Приехал какой-то экипаж – оттуда вышел офицер – флигель-адъютант– и привез
какую-то бумагу, поданную немедленно к прочтению. В ней возвещалось нам
дарование государем императором жизни и, взамен смертной казни, каждому, по
виновности, особое наказание.
Конфирмация эта была напечатана в одном из декабрьских номеров
"Русского инвалида" 1849 года, вероятно, в следующий день, 23 декабря, потому
распространяться об этом считаю лишним, но упомяну вкратце. Сколько мне
помнится, Петрашевский ссылался в каторжную работу на всю жизнь, Спешнев -
на двадцать лет {1}, и затем следовали градации в нисходящем, по степени
виновности, порядке. Я был присужден к ссылке в арестантские роты военного
ведомства на четыре года, а по отбытии срока рядовым в Кавказский отдельный
корпус. Братья Дебу ссылались тоже в арестантские роты, а по отбытии срока в
военно-рабочие роты. Кашкин и Европеус назначались прямо рядовыми в
Кавказский корпус, а Пальм переводился тем же чином в армию. По окончании
чтения этой бумаги с нас сняли саваны и колпаки.
Затем взошли на эшафот какие-то люди, вроде палачей, одетые в старые
цветные кафтаны, – их было двое – и, став позади ряда, начинавшегося
Петрашевским, ломали шпаги над головами поставленных на колени ссылаемых в
Сибирь, каковое действие, совершенно безразличное для всех, только продержало
нас, и так уже продрогших, лишние четверть часа на морозе.

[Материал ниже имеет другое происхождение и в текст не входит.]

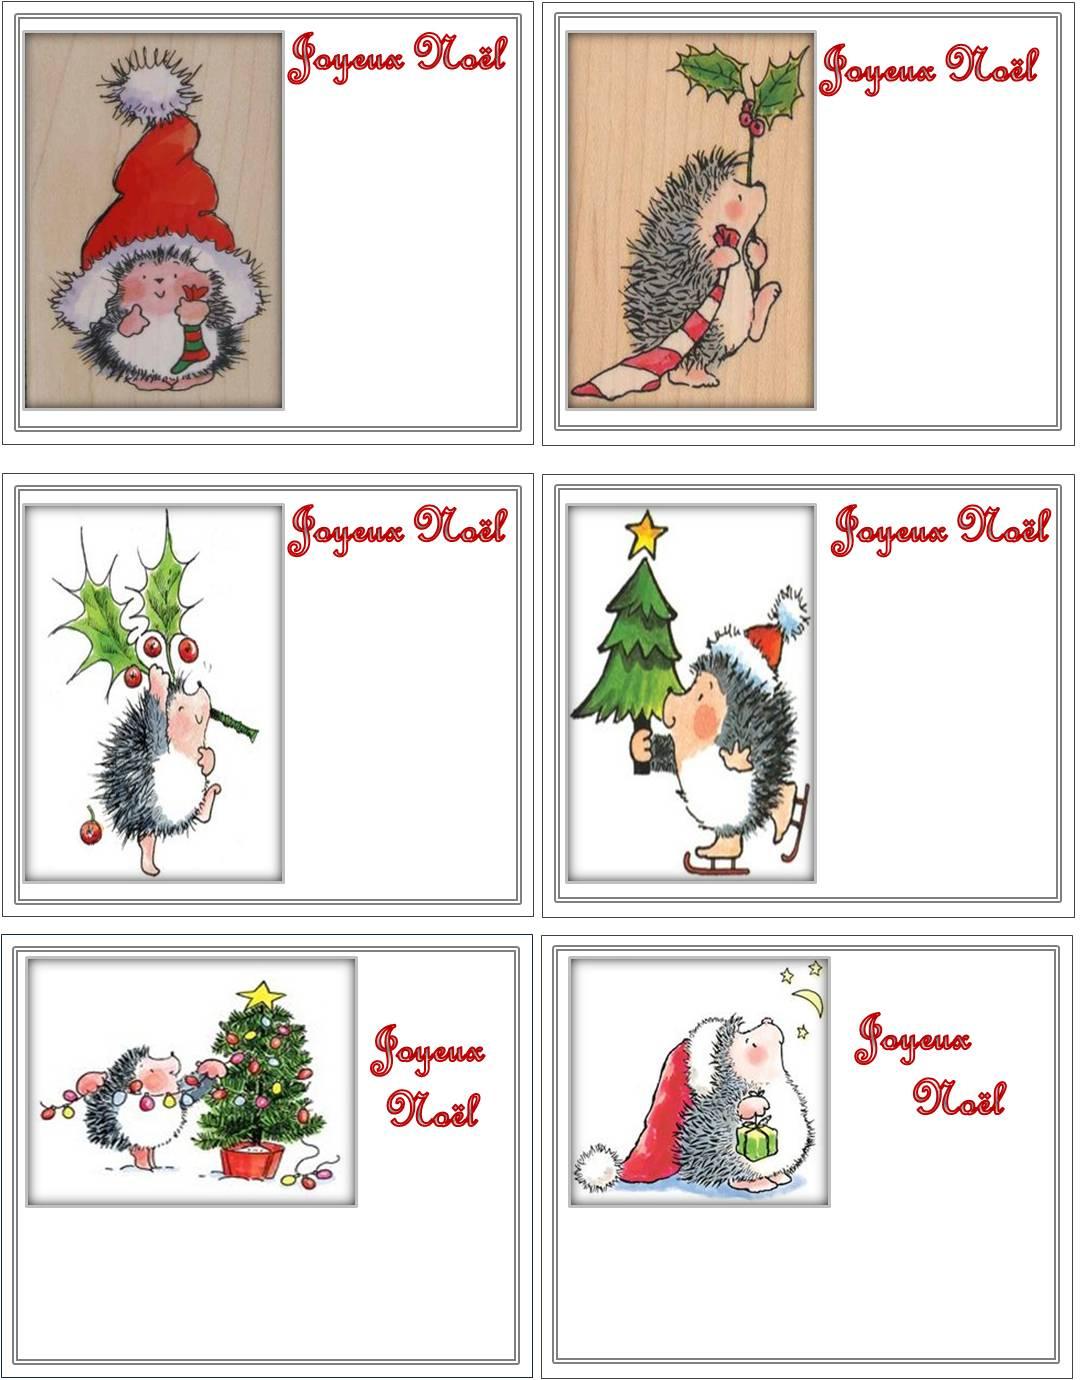 Petites Cartes Joyeux Noël  - Flânerie Au Fil Des Saisons intérieur Carte Joyeux Noel À Imprimer

После этого нам
дали каждому арестантскую шапку, овчинные, грязной шерсти, тулупы и такие же
153
сапоги. Тулупы, каковы бы они ни были, нами были поспешно надеты, как
спасение от холода, а сапоги велено было самим держать в руках.
После всего этого на середину эшафота принесли кандалы и, бросив эту
тяжелую массу железа на дощатый пол эшафота, взяли Петрашевского и, выведя
его на середину, двое, по-видимому кузнецы, надели на ноги его железные кольца
и стали молотком заклепывать гвозди. Петрашевский сначала стоял спокойно, а
потом выхватил тяжелый молоток у одного из них и, сев на пол, стал
заколачивать сам на себе кандалы. Что побудило его накладывать самому на себя
руки, что хотел он выразить тем – трудно сказать, но мы были все в болезненном
настроении или экзальтации.
Между тем подъехала к эшафоту кибитка, запряженная курьерской
тройкой, с фельдъегерем и жандармом, и Петрашевскому было предложено сесть
в нее, но он, посмотрев на поданный экипаж, сказал: "Я еще не окончил все дела!"
– Какие у вас еще дела? – спросил его как бы с удивлением генерал,
подъехавший к самому эшафоту.
– Я хочу проститься с моими товарищами! – отвечал Петрашевский.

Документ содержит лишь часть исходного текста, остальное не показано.